Younger Tanque Verde students are remote learning because of a COVID-19 outbreak at Agua Caliente Elementary School. The district is implementing a mask mandate for younger students from Nov. 15 to Dec. 17.

A divided Tanque Verde Unified School District governing board ultimately approved a mask mandate for students and staff in preschool through the sixth grade during its special meeting Tuesday.

The mask mandate, approved 3-2, will be in effect Nov. 15 through Dec. 17. Board members Vieri Tenuta, Anne Velosa and Susan Fry voted in favor of the measure, while Jeffrey Neff and Jeremy Schalk voted against it.

“I think in relation to PreK-6 the option to vaccinate is there now, however, there hasn’t been enough time to be able to provide layered mitigation,” Tenuta said, referring to layering several practices to protect from COVID-19.

The board’s special meeting to discuss further COVID-19 mitigation practices came a week after the Pima County Health Department recommended that the district temporarily close down the Agua Caliente Elementary School due to a coronavirus outbreak.

Numbers at the time, according to the district’s coronavirus dashboard, showed that there were more than 40 positive COVID-19 infections at Agua Caliente that were reported to the health department.

On Tuesday, that number was changed to 11 positive cases. The northeast-side district added a note that the previous number had included positive infections that occurred on and off campus, while the updated number reflected only cases on school grounds.

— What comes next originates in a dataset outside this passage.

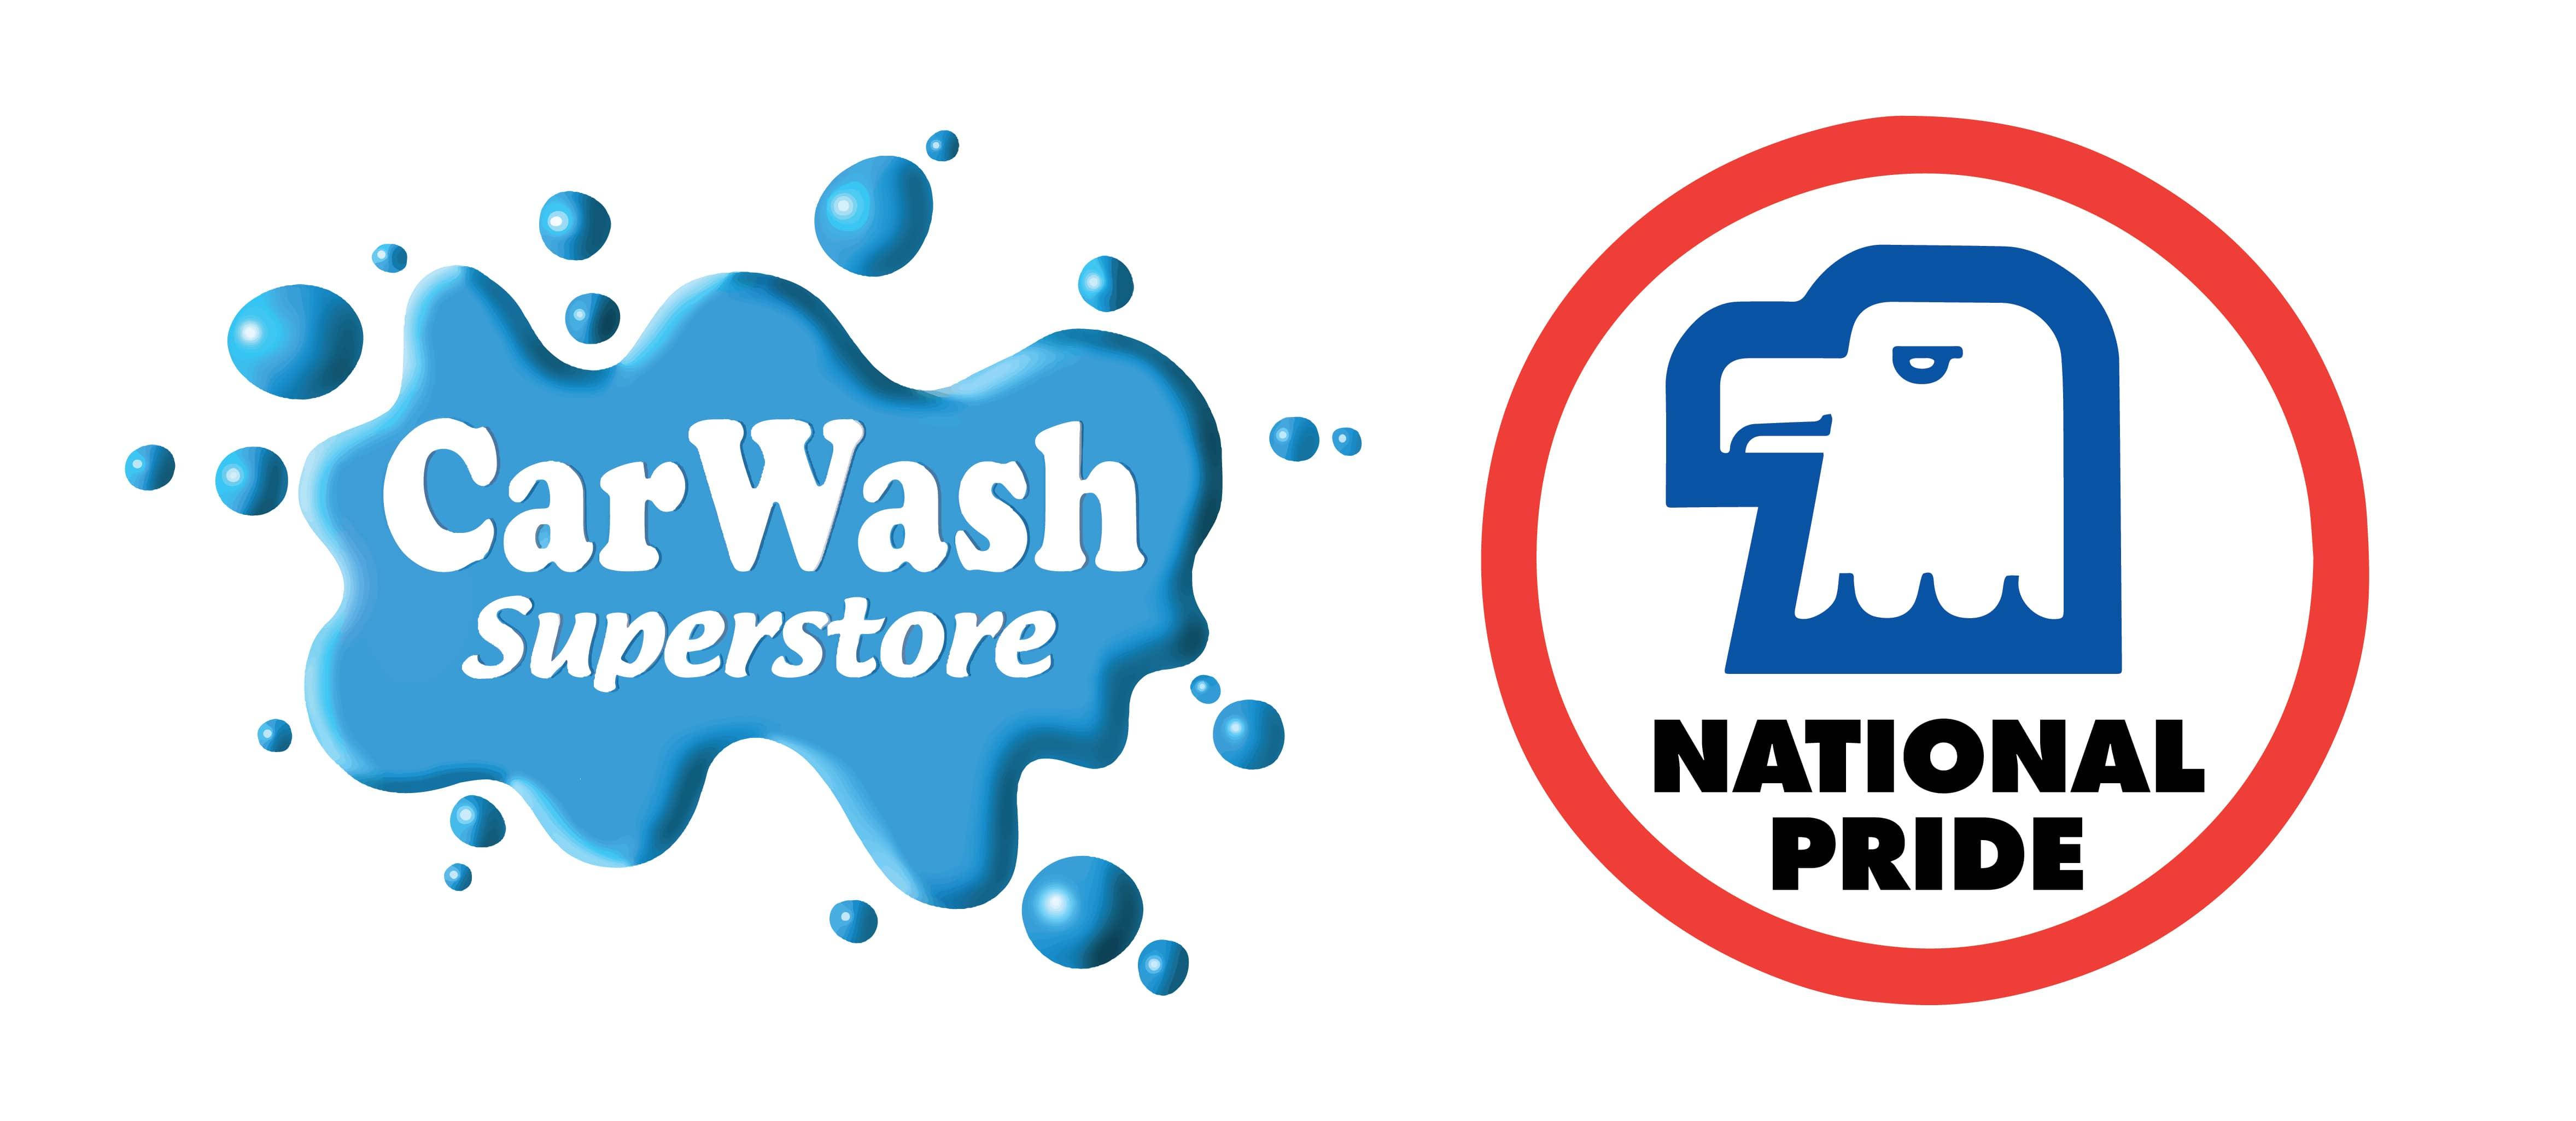 Your Car Wash Superstore

Agua Caliente students, who were all put on distance learning after the temporary school closure, will be returning to in-person classes Monday. But Tenuta insisted that they couldn’t ensure that every kid returning to school was not still sick with COVID, and further contagion was still possible.

“My concern is that quarantine doesn’t necessarily mean that they’re following that quarantine order from the health department,” he said. “We don’t have a guarantee that those students are going to be healthy.”

Schalk said he believed that more students would return to school wearing masks voluntarily after experiencing the Agua Caliente closure, and that the problem would “solve itself to some extent.”

For his part, Neff said he believed the mask mandate would mainly cause more division among the district’s community.

“My opinion is that this will cause great dissension in the district and I don’t think it’s really effective that much,” Neff said. He added that he preferred to further explore Superintendent Scott Hagerman’s proposal to implement masking when necessary under a certain threshold.

Under that measure, Hagerman explained, students would be required to mask up for 10 days as soon as staff saw an increase in cases within a classroom or throughout a school.

The board members voted unanimously to table that item for the next meeting, when Hagerman could present more scientific data on the effectiveness of that measure.

During the meeting, the board also unanimously approved to suspend large district events through the end of January, and discuss further mitigation strategies for smaller school events such as field trips and after-school activities.